Re: [RFC 10/20] iommu/iommufd: Add IOMMU_DEVICE_GET_INFO
From: Jason Gunthorpe
Date: Thu Sep 30 2021 - 18:24:02 EST
On Thu, Sep 30, 2021 at 09:35:45AM +0000, Tian, Kevin wrote:
> > The Intel functional issue is that Intel blocks the cache maintaince
> > ops from the VM and the VM has no way to self-discover that the cache
> > maintaince ops don't work.
>
> the VM doesn't need to know whether the maintenance ops
> actually works.
Which is the whole problem.
Intel has a design where the device driver tells the device to issue
non-cachable TLPs.
The driver is supposed to know if it can issue the cache maintaince
instructions - if it can then it should ask the device to issue
no-snoop TLPs.
For instance the same PCI driver on non-x86 should never ask the
device to issue no-snoop TLPs because it has no idea how to restore
cache coherence on eg ARM.
Do you see the issue?
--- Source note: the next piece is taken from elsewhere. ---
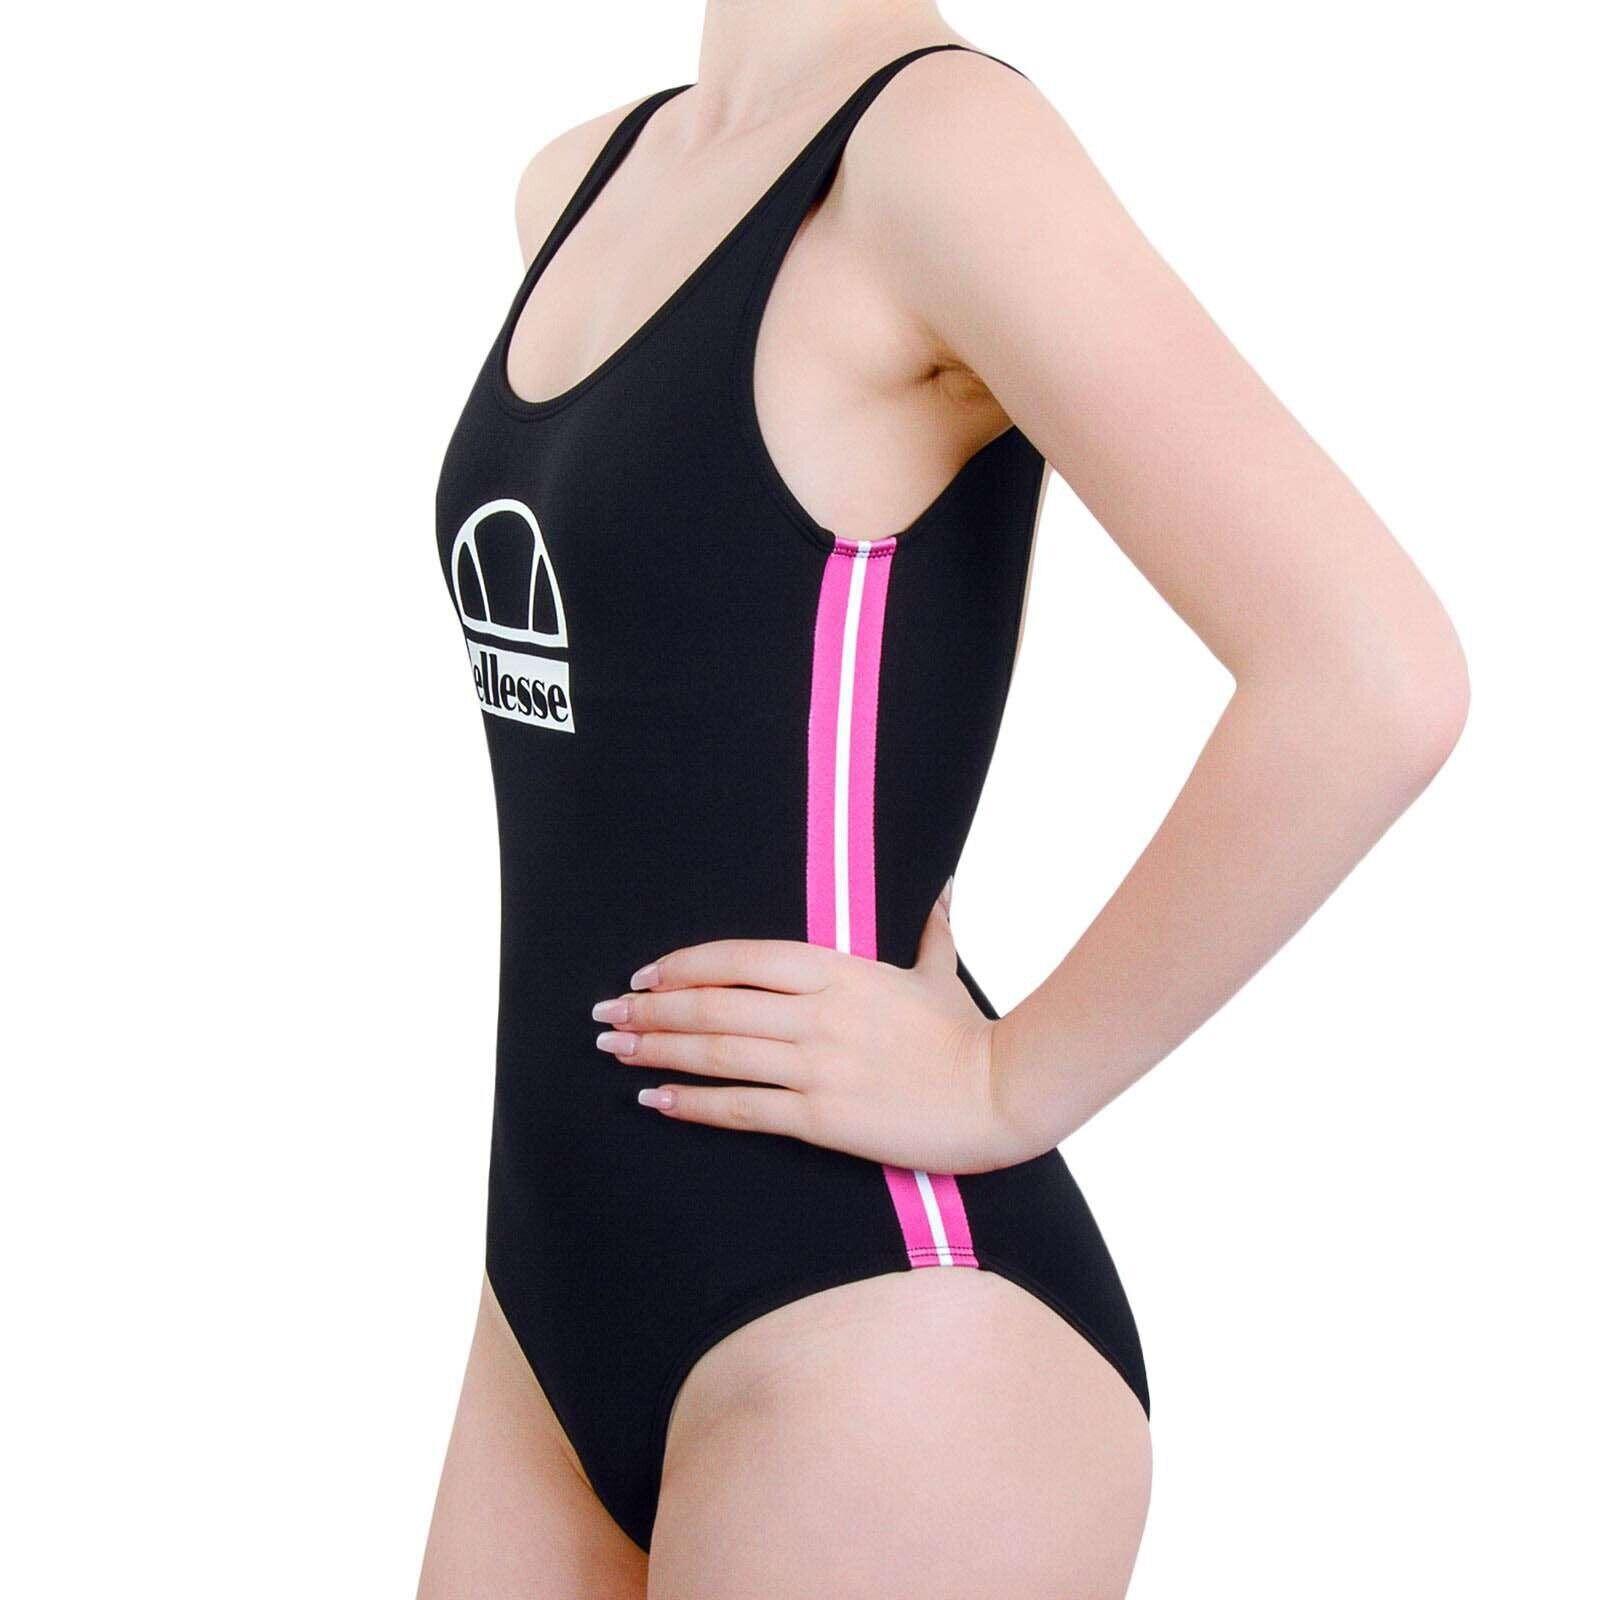 NEW! Ellesse Black Swimsuit Pink Stripes S/34-36, NP 39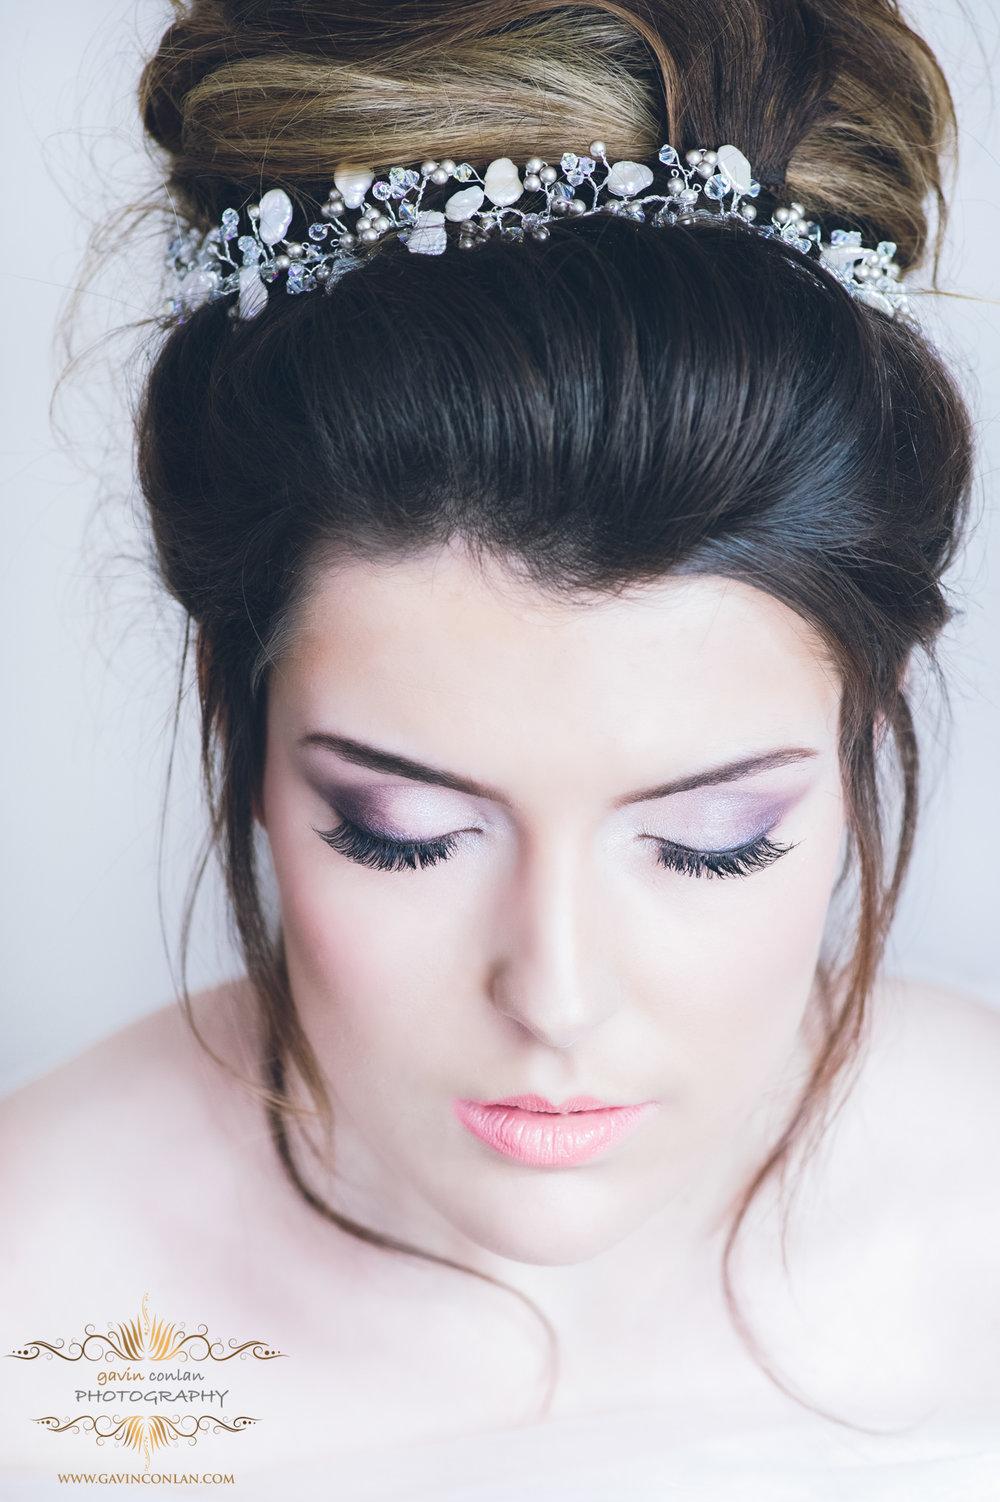 creative-bridal-hair-make-up-jewellery-photo-shoot-gavinconlanphotography-03

This configuration where the hypervisor silently
make wbsync a NOP breaks the x86 architecture because the guest has no
idea it can no longer use no-snoop features.
Using the IOMMU to forcibly prevent the device from issuing no-snoop
makes this whole issue of the broken wbsync moot.
It is important to be really clear on what this is about - this is not
some idealized nice iommu feature - it is working around alot of
backwards compatability baggage that is probably completely unique to
x86.
> > Other arches don't seem to have this specific problem...
>
> I think the key is whether other archs allow driver to decide DMA
> coherency and indirectly the underlying I/O page table format.
> If yes, then I don't see a reason why such decision should not be
> given to userspace for passthrough case.
The choice all comes down to if the other arches have cache
maintenance instructions in the VM that *don't work*
Jason